Reviewing John Nichols’ Uprising: How Wisconsin Renewed the Politics of Protest, from Madison to Wall Street

What is it that is swelling the ranks of the dissatisfied?  Is it a growing conviction in state after state, that we are fast being dominated by forces that thwart the will of the people and menace representative government?

Robert M. LaFollette, July 4, 1897, Mineral Point, Wis.

With that quote, John Nichols begins the first chapter of his unapologetically biased book Uprising:  How Wisconsin Renewed the Politics of Protest, from Madison to Wall Street (2012). Nichols, The Nation’s Washington correspondent and an associate editor of Madison’s Capital Times newspaper, recounts the protests in Madison and around the state in early 2011 and analyzes their importance in renewing a spirit of protest that spread from Madison to, ultimately, Manhattan.
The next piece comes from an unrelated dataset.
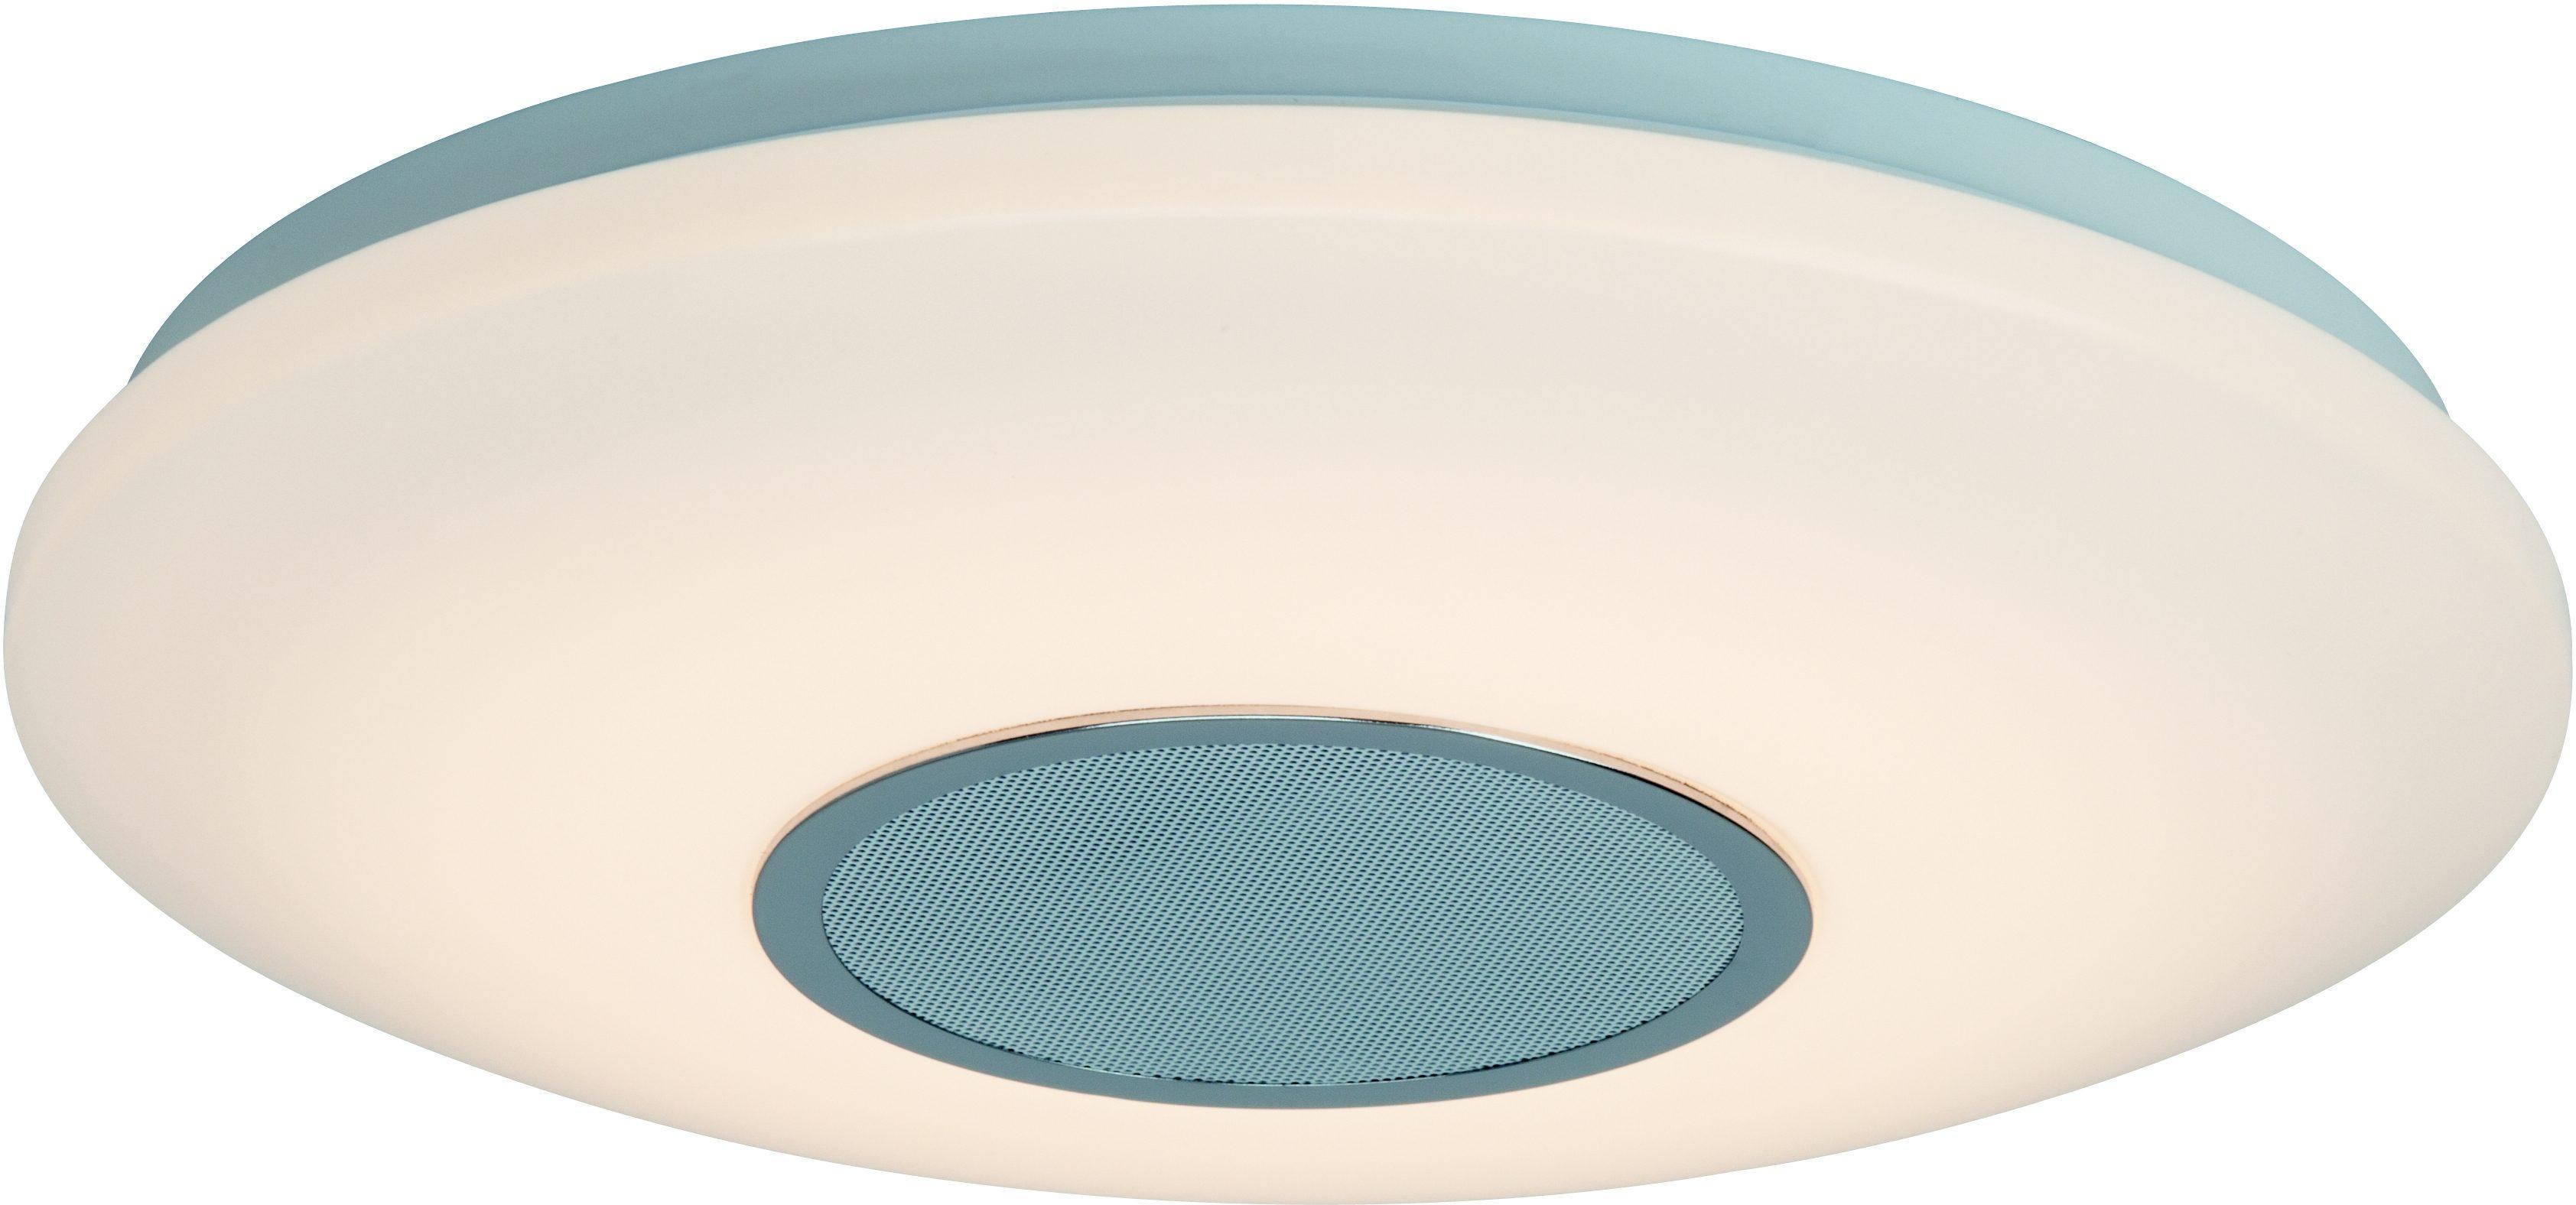 AEG LED Deckenleuchte, 1flg., »Bailando«

Just as Nichols is not an unbiased author, I am not an unbiased reader. What Nichols writes about brings back vivid memories of weekends around the capitol square, in sun as well as in snow and cold, as part of the massive, diverse, palpably energetic crowds that marched around the square in February and March 2011.  Uprising is not a chronological account of the protests; rather, Nichols organizes thematically, beginning with the beginning:  the cold mid-February day, one day after Governor Scott Walker announced his 144-page budget repair bill that contained provisions that went far beyond repairing the budget to stripping collective bargaining rights of public employees.  On that day, Nichols says, fifty members of UW Madison’s Teaching Assistants’ Association (TAA) gathered in front of UW Madison’s Memorial Union and protested (4).  Two days later, Nichols tells us, more than 1,000 TAA members marched to the capitol. They were joined each day thereafter by hundreds and then thousands of others from all walks of life – union and non-union members, public and private employees alike – and they continued marching.

How and why what fifty or so students started became an incredible historical event is chronicled in Nichols’ subsequent chapters.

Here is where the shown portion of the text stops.